ELZONRIS’s clinical development remains active, with promising data supporting its use beyond BPDCN. While its current market remains niche, ongoing trials and expanding indications promise a pathway to increased adoption and revenue growth, contingent upon successful demonstration of efficacy and safety in broader hematologic malignancies. The drug’s specialized position, combined with orphan drug protections and emerging competitive therapies, suggests a cautious but optimistic outlook for stakeholders.


Key Takeaways

  • ELZONRIS maintains a robust clinical pipeline, targeting new indications such as AML and MDS, which could broaden its market in coming years.
  • The drug’s primary revenue driver remains BPDCN, an ultra-rare disease with limited annual cases but high treatment costs.
  • Market projections for 2023-2030 estimate a compound annual growth rate of approximately 10-15%, driven by pipeline success and regulatory expansions.
  • Challenges include a limited patient population, competition from emerging agents, and reimbursement pressures.
  • Strategic focus should include international expansion, combination therapy development, and targeted patient selection to maximize market potential.

FAQs

1. What is the current FDA-approved indication for ELZONRIS?
ELZONRIS is approved by the FDA for the treatment of adults and pediatric patients (age 2 years and older) with BPDCN, including those with skin lesions, lymphadenopathy, hepatomegaly, splenomegaly, or bone marrow involvement.

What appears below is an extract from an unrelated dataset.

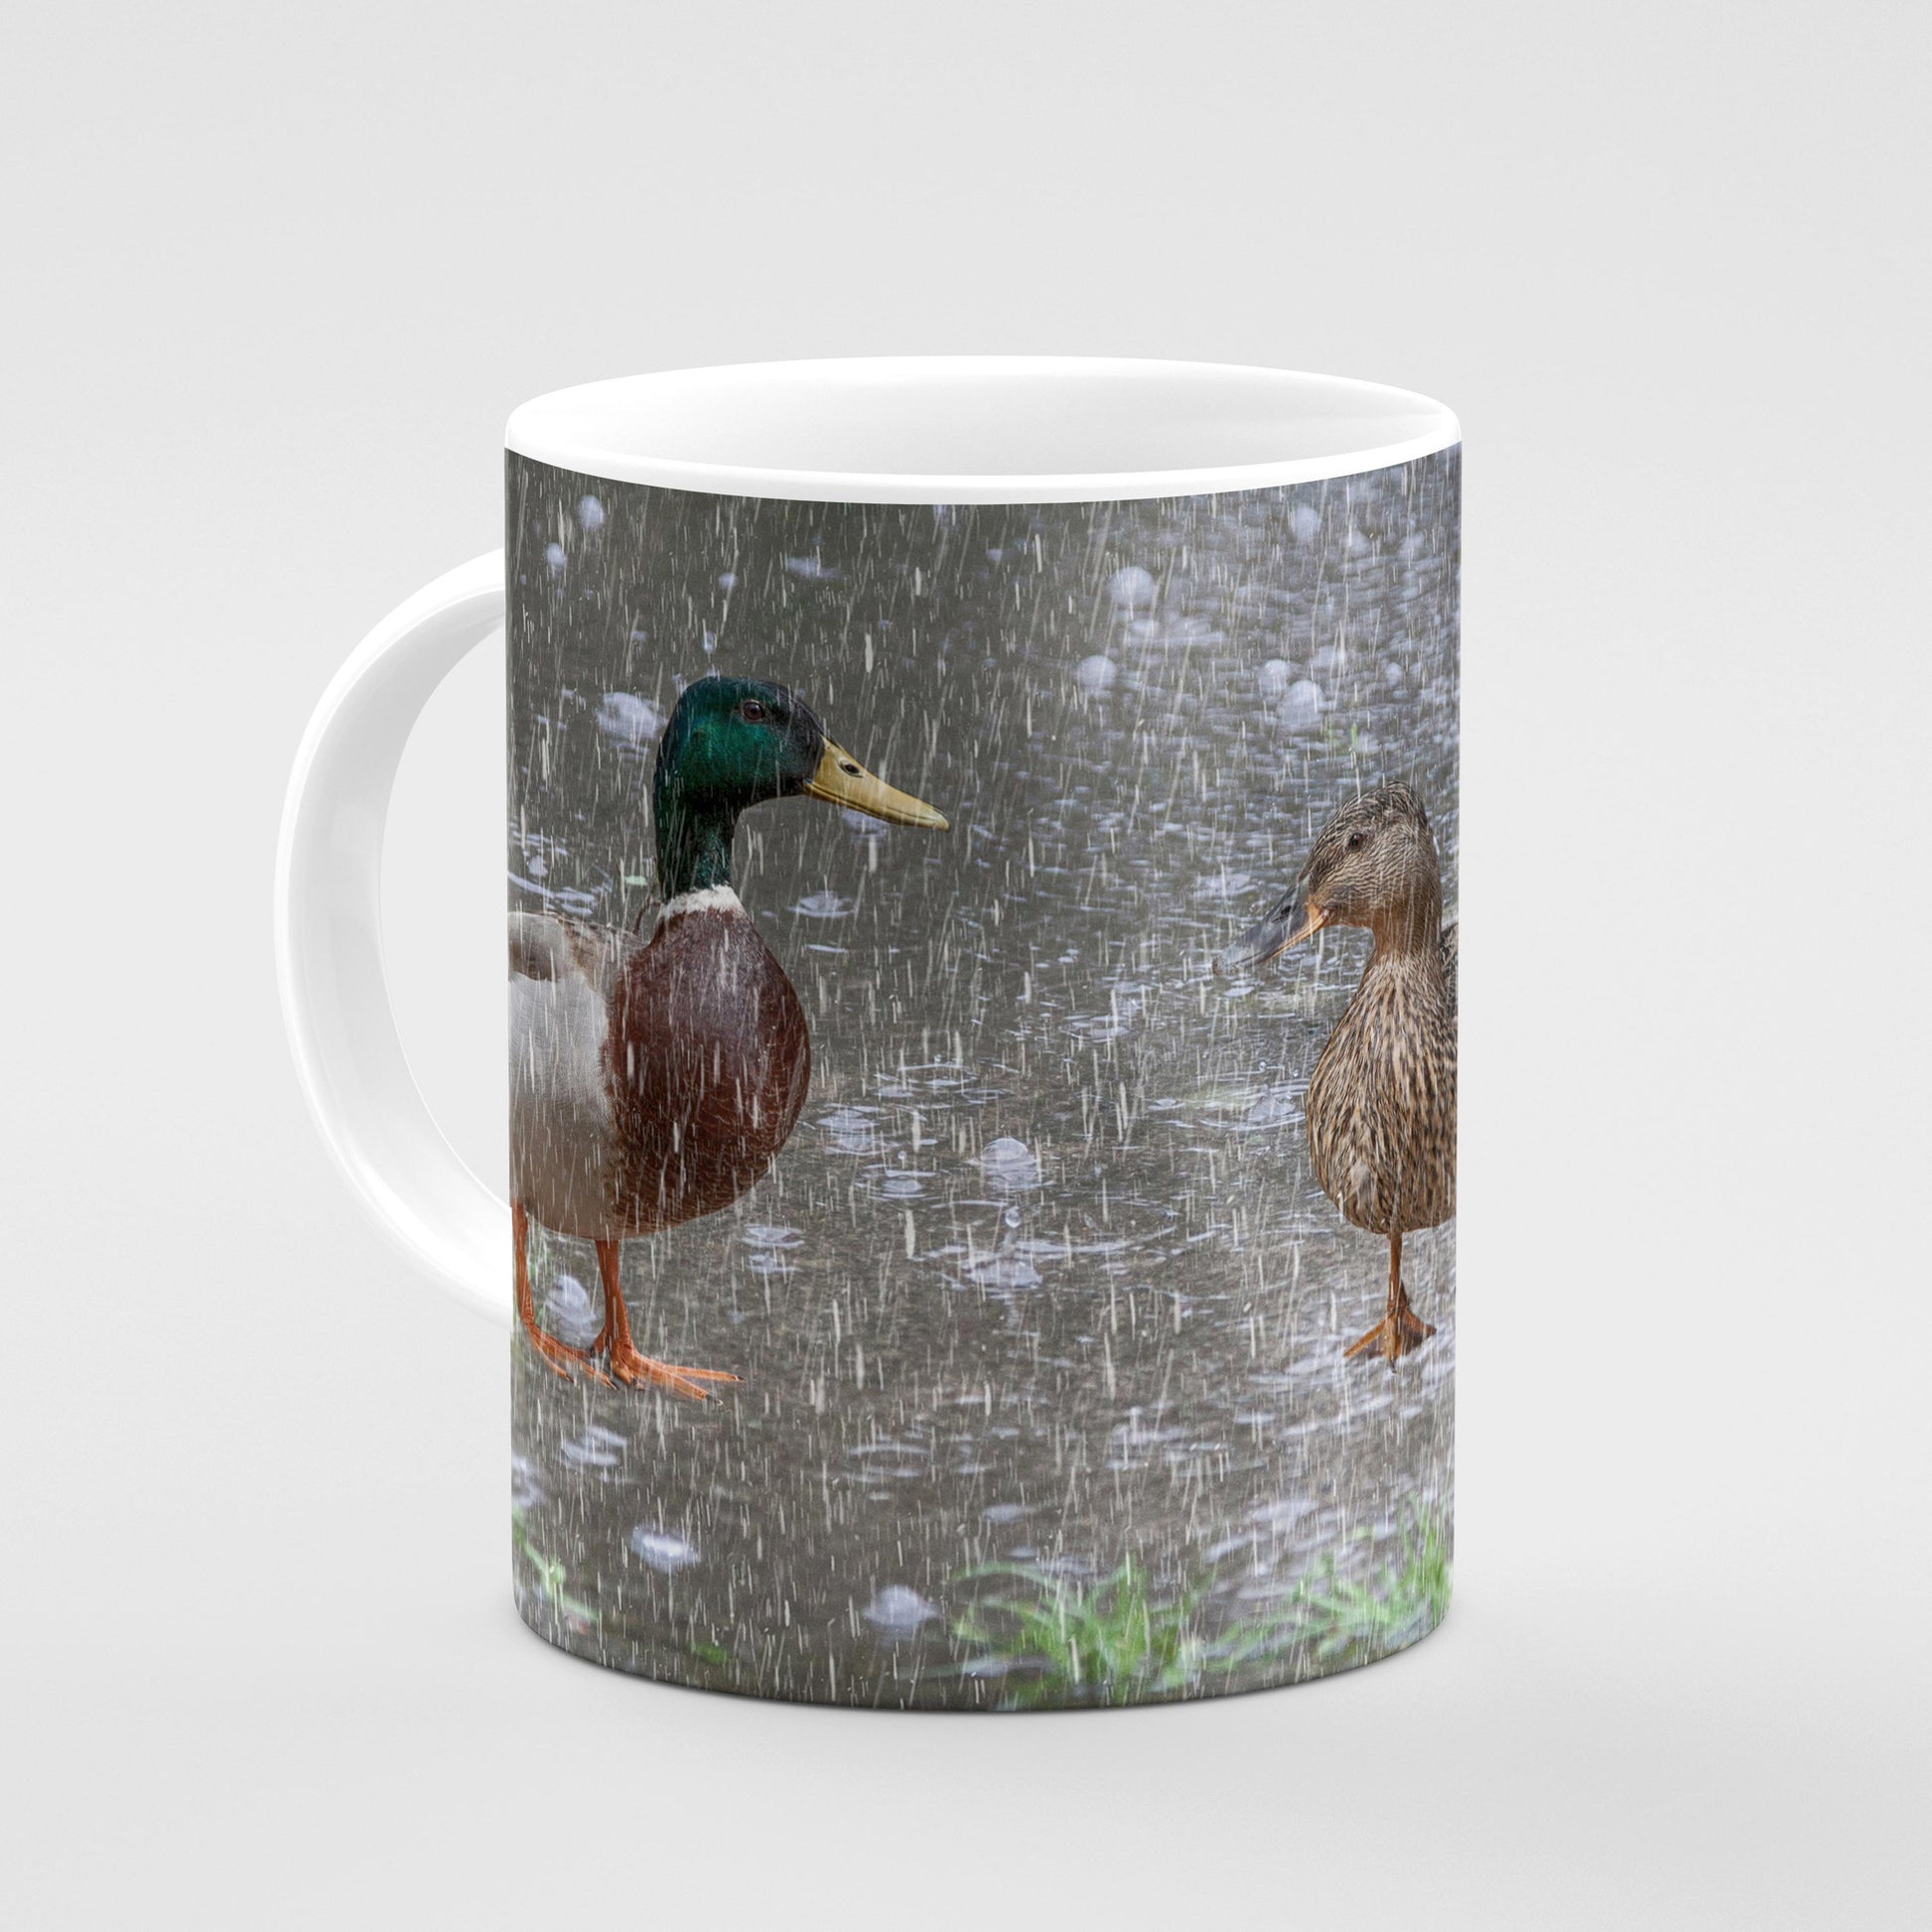 Two Ducks Mug - The Great British Weather - Kitchy & Co 10oz Mug Mugs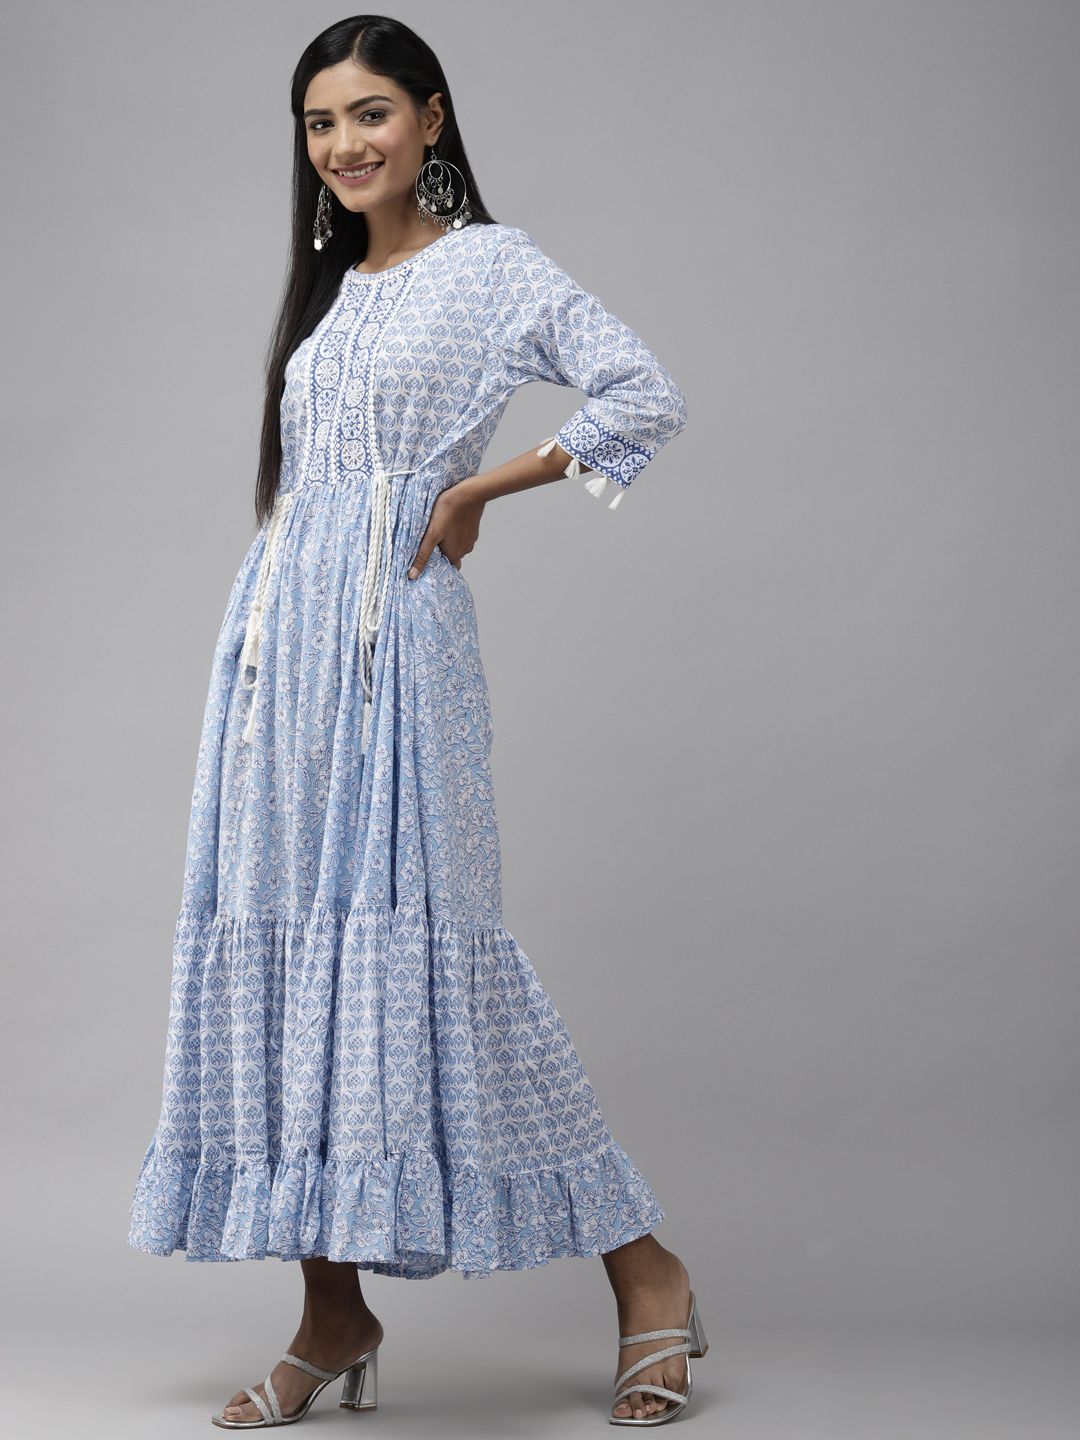 White & Blue Ethnic Dress-Yufta Store-3107DRSBLS

2. Are there ongoing trials exploring ELZONRIS in other cancers?
Yes. Multiple early-phase trials are investigating ELZONRIS’s efficacy in AML, MDS, and extramedullary tumors expressing CD123, aiming to expand its therapeutic scope.

3. How does ELZONRIS compare with other CD123-targeted therapies?
ELZONRIS is currently the only FDA-approved CD123-targeted agent. Emerging therapies include antibody-drug conjugates and bispecific antibodies that may offer different safety and efficacy profiles, potentially challenging ELZONRIS’s market share in the future.

4. What are the main safety concerns associated with ELZONRIS?
Capillary leak syndrome is the most significant adverse event, alongside fatigue, hepatic enzyme elevation, and infusion-related reactions. Monitoring and management protocols are integral to therapy administration.

5. What is the outlook for ELZONRIS in international markets?
Regulatory agencies in Europe and Japan are reviewing indications based on clinical data. Orphan drug status may accelerate approval processes, enabling broader access and revenue growth.


Sources

  1. FDA Label for ELZONRIS
  2. Derman, J.D., et al. "ELZONRIS in BPDCN: Review of Clinical Data." Journal of Hematology, 2022.
  3. GlobalData. “Blood Cancer Therapeutics Market Analysis,” 2022.
  4. ClinicalTrials.gov. Database of ongoing ELZONRIS trials.